航平が布団の中から答える。全く、世話の焼けるやつだ。


 それはそうと、中身を今すぐにでも確認したかった俺は、紙袋の中を覗いて見た。なーんだ。中身はただのCDじゃないか。どんな大層なものが入っているんだろうとドキドキしていた俺は、思わず拍子抜けしてしまった。音楽でも聴けっていうのか? 芝居が上手くなる音楽なんてあるんだろうか。とりあえず、その中のCDを一枚取り出してみる。その瞬間、俺は思わず凍り付いた。

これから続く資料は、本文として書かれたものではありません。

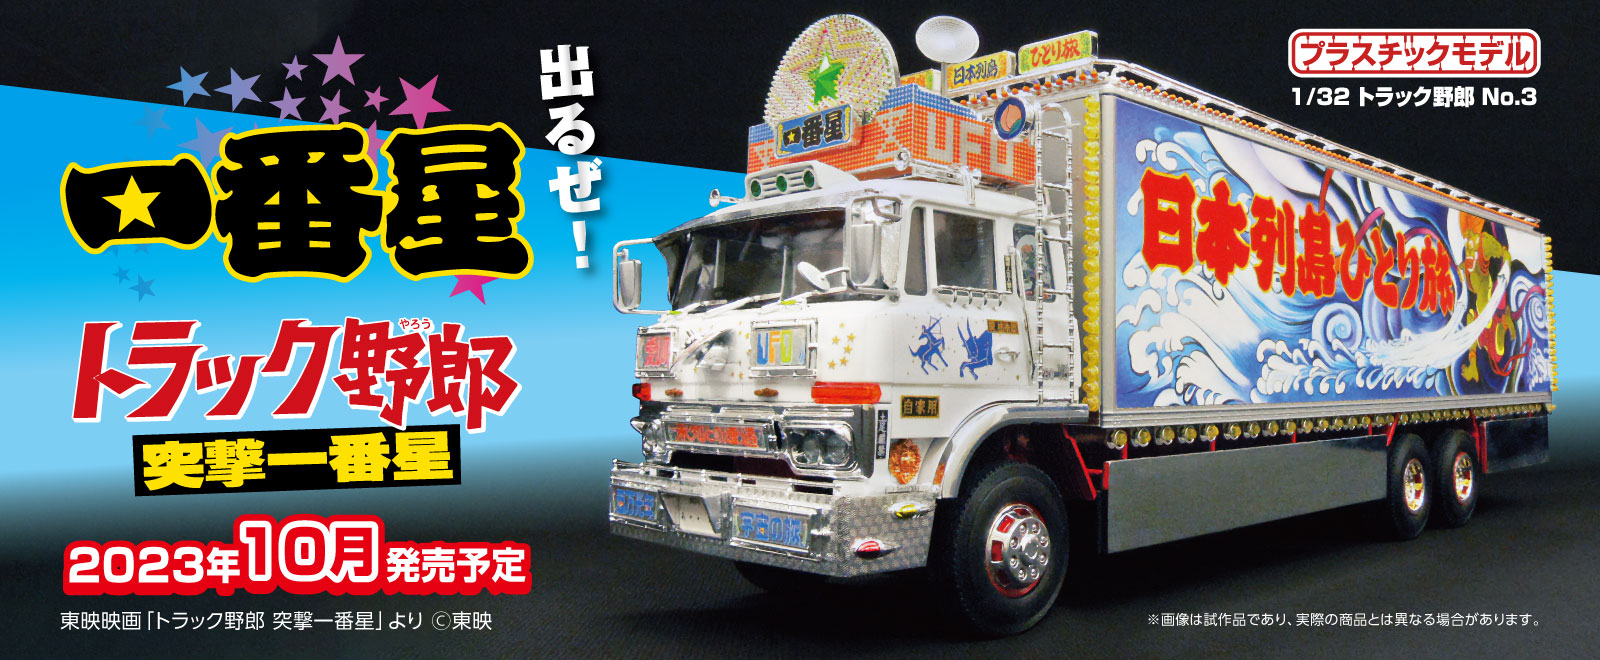 バンダイ トラック野郎 熱風5000キロ 1/20ディスプレイモデル - 模型

 CDのジャケットにイケメンのアニメキャラが二人、裸で抱き合ってキスをしているじゃないか。こ、これは一体……。俺は次々に中に入っているCDを取り出していった。制服を着た男子高校生やら王子様やら執事やら、中には動物の顔をしたキャラクターまで次々にいろんなキャラクターが顔を出す。そのどれもが抱き合ったり、キスをしていたり、男同士でジャケットばかりだった。


「おい、これは一体何なんだよ!」


俺が思わず事情を知っているらしい航平に向かって叫んだ。


「それ、BLドラマCDってやつ」


航平が布団から赤い顔を覗かせて答える。


「BLドラマCD?」


「音声だけのドラマのことだよ。朗読劇みたいな。そのBL版ってこと」


「BLって、男同士で恋愛する小説や漫画ってやつのことか?」


「そういうこと」


「で、これを聴けっていうのか!?」


「うん……。それもね、紡と一緒にイヤホン片耳ずつつけて、一緒に聴かないといけないの。美琴ちゃんの指示がその紙袋の中に入っているでしょ?」


航平の言う通り、紙袋の底に美琴ちゃんからの指令をしたためた手紙が入っている。


『つむつむとこうちゃんの二人で一つのイヤホンを分け合って全て聴くこと』


だとさ! イヤホンを二人で分け合えって、あの恋人同士がやってるやつだよな? それを航平と二人でやれと。しかも、このBLドラマCDとやらでやれということなのか……。おいおい、こんなこと俺にできるのか? 俺は不安になって航平の方を見やった。すると、航平は顔を真っ赤にしたまま、布団の中に再びすっこんでしまった。どうやら、このBLドラマCDとやらは、あの航平ですら赤面してしまうような代物らしい。俺は演劇部を続けたいと美琴ちゃんに宣言した自分をひたすら後悔していた。